Когда в начале войны здесь, в Ленинграде, в КГБ-НКВД Каверина пытались завербовать и долго мурыжили, он вышел оттуда только потому, что был автором «Двух капитанов». Уехал из Ленинграда (ситуация здесь все равно была нестерпимая), уехал на Северный флот, а потом поселился в Москве, хотя всю жизнь считал себя ленинградцем. Меня звал переезжать в Москву, потому что, говорил, литературной жизни в Ленинграде не будет.
Я так не считал и остался в Ленинграде. Но они там, в Москве, все время пытались чего-то добиваться от власти, которая, по чести, многим была им обязана. В частности, в пятьдесят шестом Каверин, Казакевич, Паустовский, вся эта оттепельная компания, выпустили двухтомный альманах «Литературная Москва», за который их тут же стали громить.
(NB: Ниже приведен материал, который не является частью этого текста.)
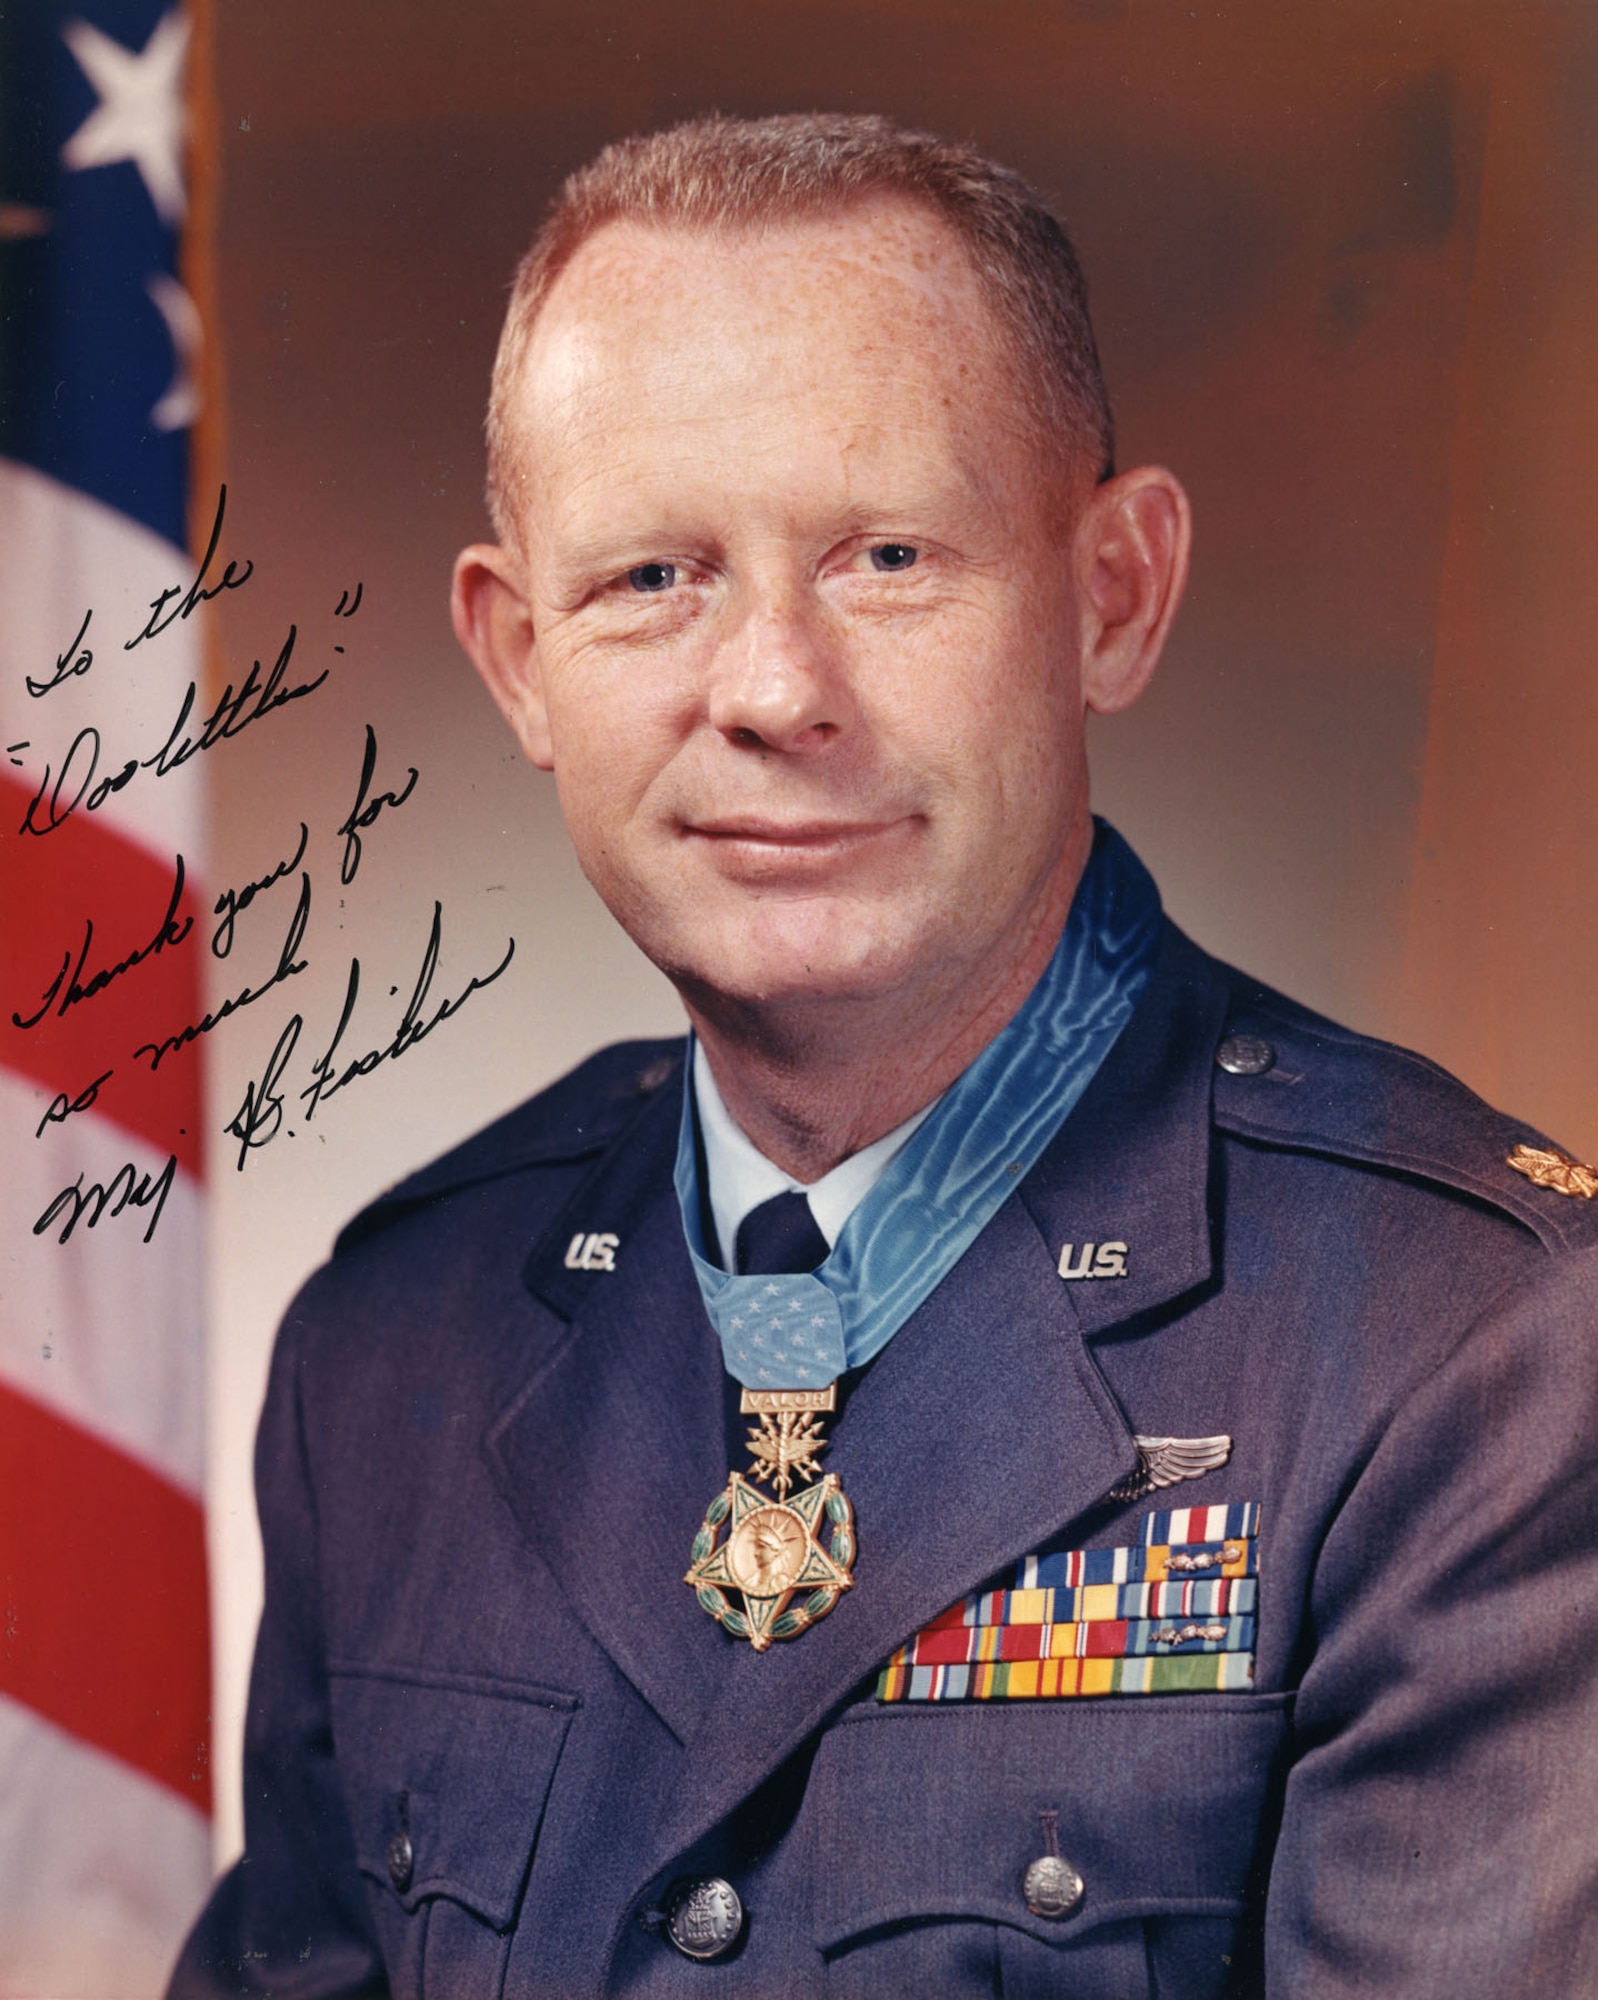 Official photograph autographed by Maj. Fisher to Jimmy Doolittle: "To the Doolittles, thank you for so much. Maj. B. Fisher." (U.S. Air Force photo)

Каверин прожил сравнительно благополучную жизнь. Долго пытался и, наконец, научился писать сугубо реалистическую прозу. Хотя начинал гораздо интересней. Лучшая, на мой взгляд, из его книг – «Художник неизвестен», где больше внимания уделено эстетическим поискам и веяниям времени.
У Каверина был авторитет, он пытался помочь и помогал очень многим, ничего подлого никогда не делал, не предавал, никаких писем против своих братьев-писателей не подписывал. Был уже в статусе классика, жил в Переделкино, демонстративно не здоровался, скажем, с Катаевым, был одним из первых читателей и почитателей Солженицына, поддержал его. Он говорил, что в его литературной жизни были два неопознанных явления: Пастернак и Солженицын. Тынянова он понимал. Тынянов много сделал для развития Каверина как писателя. Весь посмертный Тынянов издан благодаря Каверину.
Довлатов
– Не могу не спросить еще об одном персонаже и твоем друге Сергее Довлатове. Вы, насколько я понимаю, люди противоположного склада. Я начал с того, что ты человек закрытый, свою биографию, свои переживания в текст не допускаешь. Довлатов же делал литературу из своей жизни. Как вы общались?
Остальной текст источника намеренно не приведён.